Other analysts do not see the situation as so dire. Bullpen CEO Tyler Kastelberg, whose platform connects CRE freelancers to job opportunities, said he was not convinced the market had bottomed out yet. Hiring will fall behind and has slowed in the brokerage and lending spaces, but he no longer expects major layoffs; businesses have been relatively lean since 2008. CBRE, he said, has laid off many back office workers who will likely be replaced by contractors.
There will be reductions, but more of a pause than a long-term decline, according to Anita Kramer, senior vice president at the ULI Center for Real Estate Economics and Capital Markets. She said companies will start to look ahead strategically and plan for the rebound. There has been a strong hiring of analysts, because the quality of transactions matters a lot more now, so people are very picky.
“The strength of the multi-family sector is still there, and the industrial sector is still there, and the retail, there are still big pockets of retail in the right places,” she said. “There are a lot of people planning for a different time frame right now.”
The winners, of course, will be those in revenue-generating sectors and services with significant potential.
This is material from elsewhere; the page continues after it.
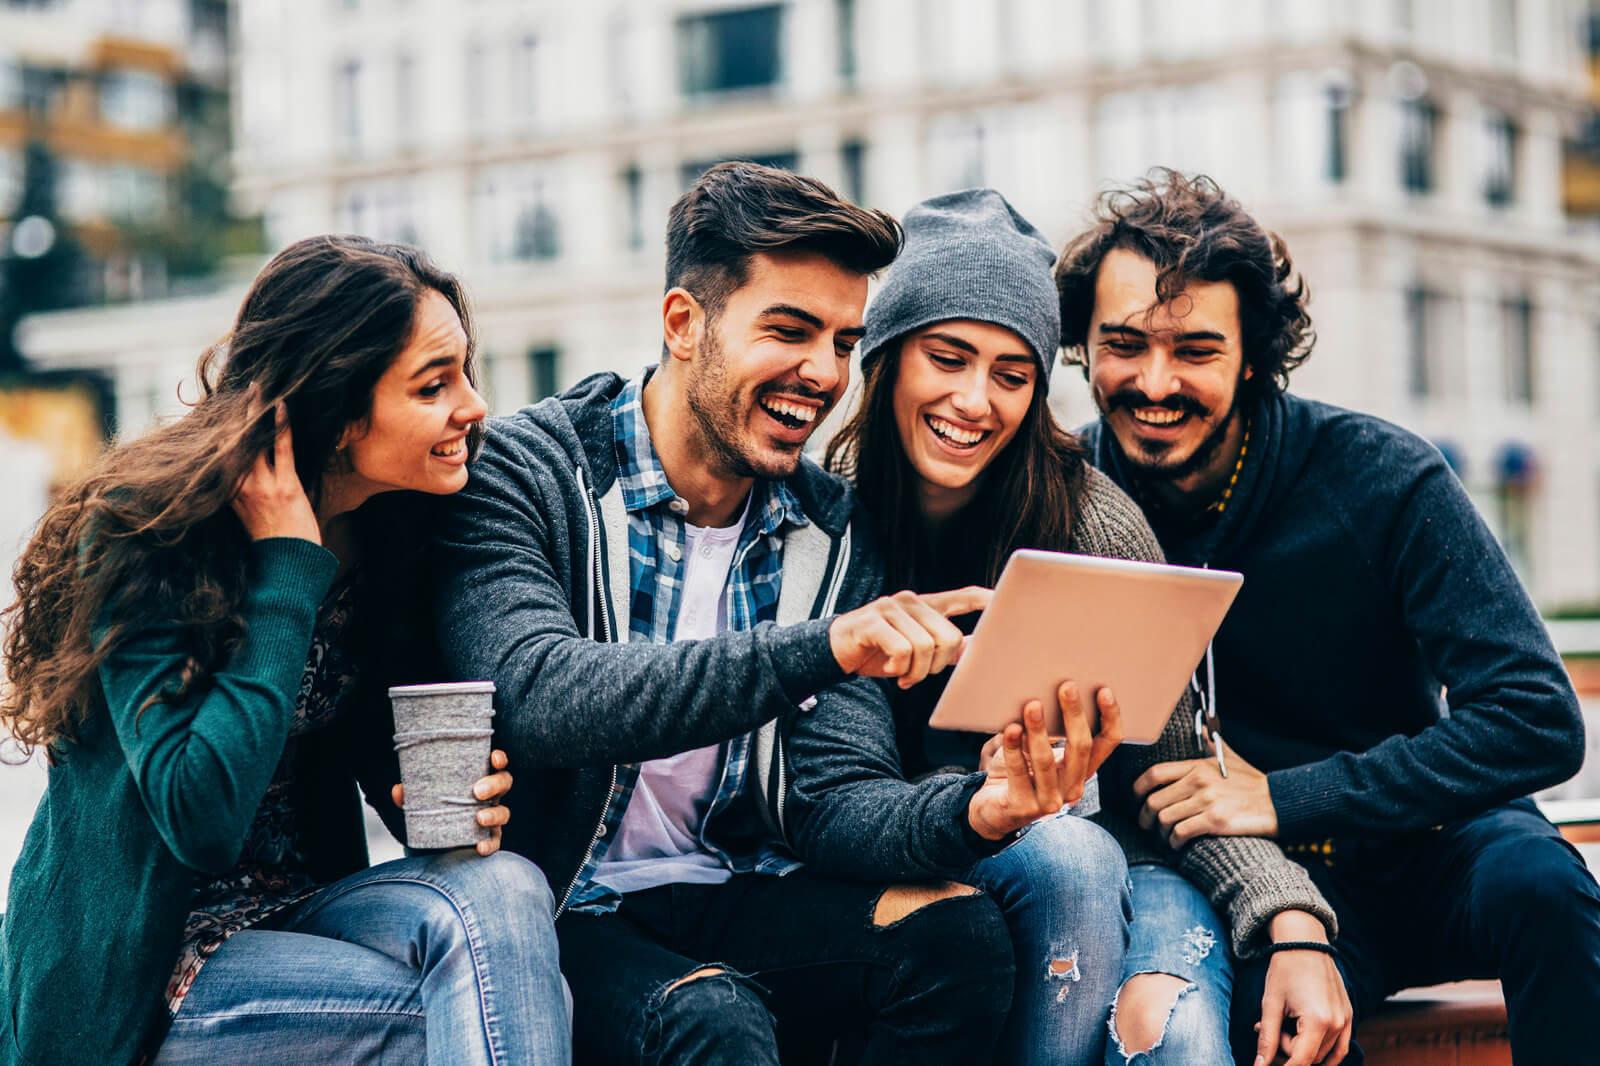 Millennials impact investing

Lee said layoffs are likely to be much lower in the multifamily sector, leadership positions that create value creators, talent management, asset and property management, and C-suite leaders.
Recent layoff announcements also suggest more shifts to roles focused on analytics, consulting and recurring revenue streams. CBRE CEO Bob Sulentic said in a statement that the company will focus on “corporate and local facilities management, investment management” and other “cycle-resilient consulting business lines.” , part of an industry-wide shift towards more comprehensive offerings.
And despite, or perhaps because of, the expected disruptions, retaining talent, especially those involved in transactions and revenue, will become even more vital. Lee actually predicts that compensation will “rise significantly.”
“It will be important for all real estate companies entering this time of disruption and uncertainty to have a strong talent management plan in place,” he said. “Nothing in real estate is accomplished without talent.”
Weiss argues that if the recession lasts and employers get more clout, it’s easy to imagine a world where those who hire, tired of paying too much in a competitive labor market, begin to cut back on recent wage gains.
And again, it comes down to the challenges of using technology as a labor-saving device. There is potential, especially in a market where it is still difficult to fill vacancies, make existing employees more efficient and reduce costs. But there’s always the potential for jobs to be eliminated, and as entry-level roles and responsibilities become more and more automated, it’s eliminating some entry-level jobs essential to gaining a foothold in CRE.
“If we then outsource financial analyst, brokerage assistant or coordinator roles, we carve out a very important stepping stone for people who want to come into our industry and learn the trade,” Weiss said.